This year for our anniversary we kept things as simple as possible and for me, the end result was exactly what I had hoped for. I have a tendency to put a lot of pressure on special occasions such as Christmas and Valentine's Day, but I am learning that going all crazy and Martha Stewart like, only leads me to disappointment and the inevitable crash when I realize that I can't do it all. So this year we agreed, just cards and for me flowers (because a girl loves flowers) and for him a special surprise of a homemade Turtle's cheesecake.
Winslow doesn't have the same kind of sweet tooth as I do but I know what he likes, nuts and chocolate. So I went ahead and decided to make a decadent and romantic dessert for our anniversary. It was super easy to make, thanks to my new spring form pan and we all (including Noah) enjoyed it very much.

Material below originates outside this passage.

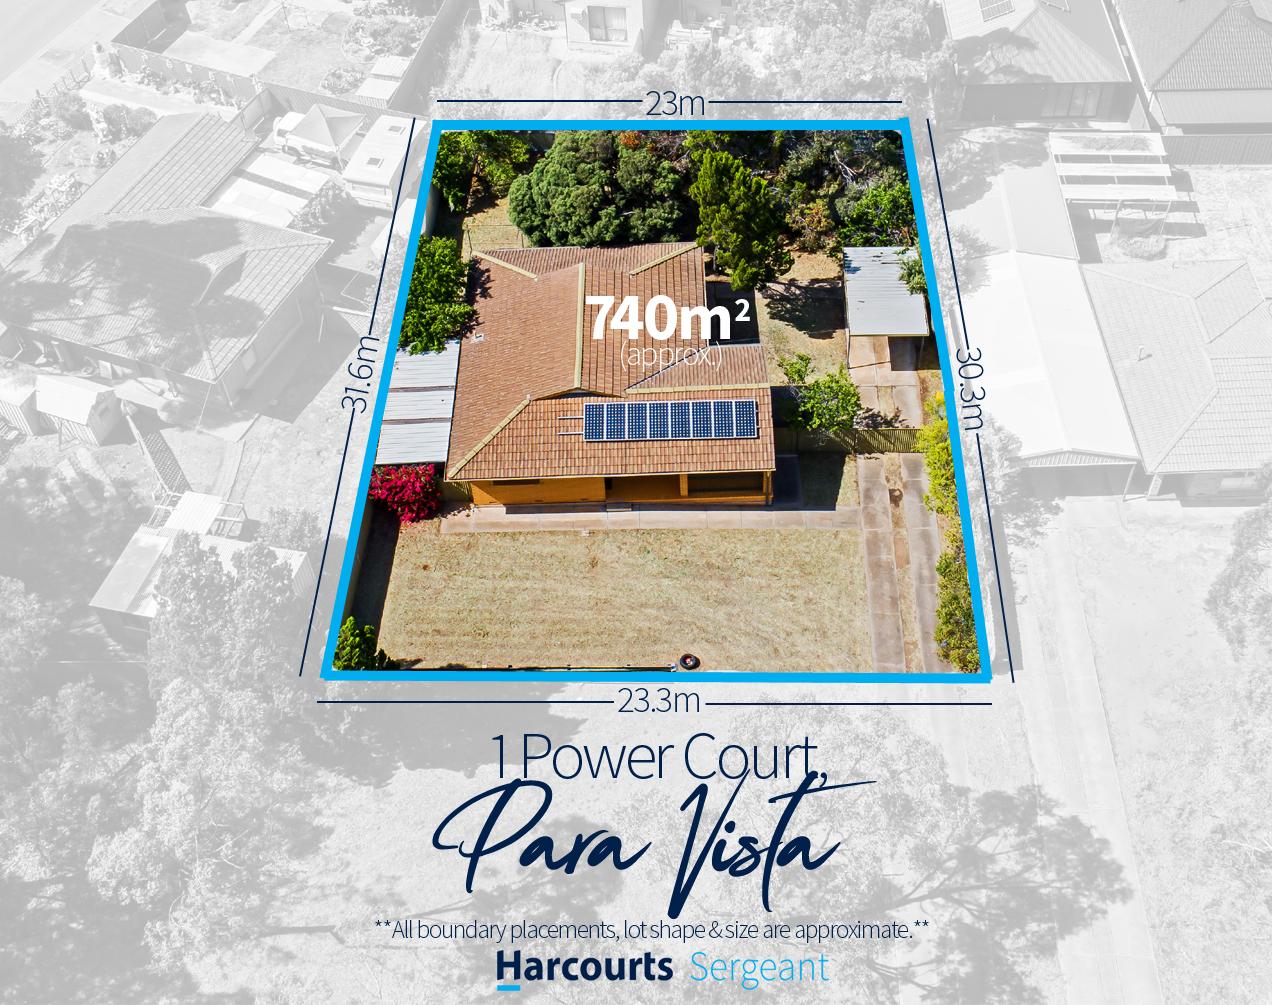 01 - Power Court, Para Vista (Aerial)

Earlier in the day my sister Sarah asked me over the phone, what are you going to do with all that left over cheesecake and really in all honesty I though, "duh...I'm gonna eat it". But then I thought twice about that and decided that it would probably be best if I shared some of it with my girlfriends. So after dinner and while Winslow was getting ready for his night shift, I packed up some slices and brought Noah along, and we took a piece each to our well deserving friends Sarah and Carol-Ann. Then today I popped over to my neighbour Suzie and gave her a piece too. Good, now I don't have to feel so guilty about all that extra cheesecake.
This anniversary that just passed got me thinking quite a bit about the importance of putting my marriage and my sweetheart at the forefront of my priorities. I'm not sure if it's with time passing, or having seen relationships around me fail (my parents and other people I know) but more and more I am so thankful that I am realizing that a real strong marriage takes work.
I don't think I had the best examples of what a good marriage was while I was growing up. For me, when I got married at the tender age of 25, I really don't think I knew what being married would involve. For the first year, it was all about our first apartment and fun getaways and the blending of our old selves into a new self. It was fun but also a very young time in our lives. Since then we have experienced so many things together and have grown in so many ways. We experienced the pain of having a miscarriage and then the joy of bringing a baby into the world. We experienced excitement as we bought our first home, making us real official adults having to pay a mortgage. We felt fear of the unknown when we decided to take a transfer that would move us all the way across the country and up to the North. And felt the excitement as our careers and dreams have become a reality for us. From the good to the bad we have been there together for it all and I really feel that this is something to celebrate and remember.
And so this year to me isn't just another year on the ol' marriage belt. No. It's been a year of realizing that I am extremely blessed to have such a wonderful man in my life. That I am blessed to have someone to share my life with and who helps me realize my dreams everyday. I've been taking notes and learning from people around me that when you have something this good in your life, you better work hard to hold on to it. I'm trying and will continue to try.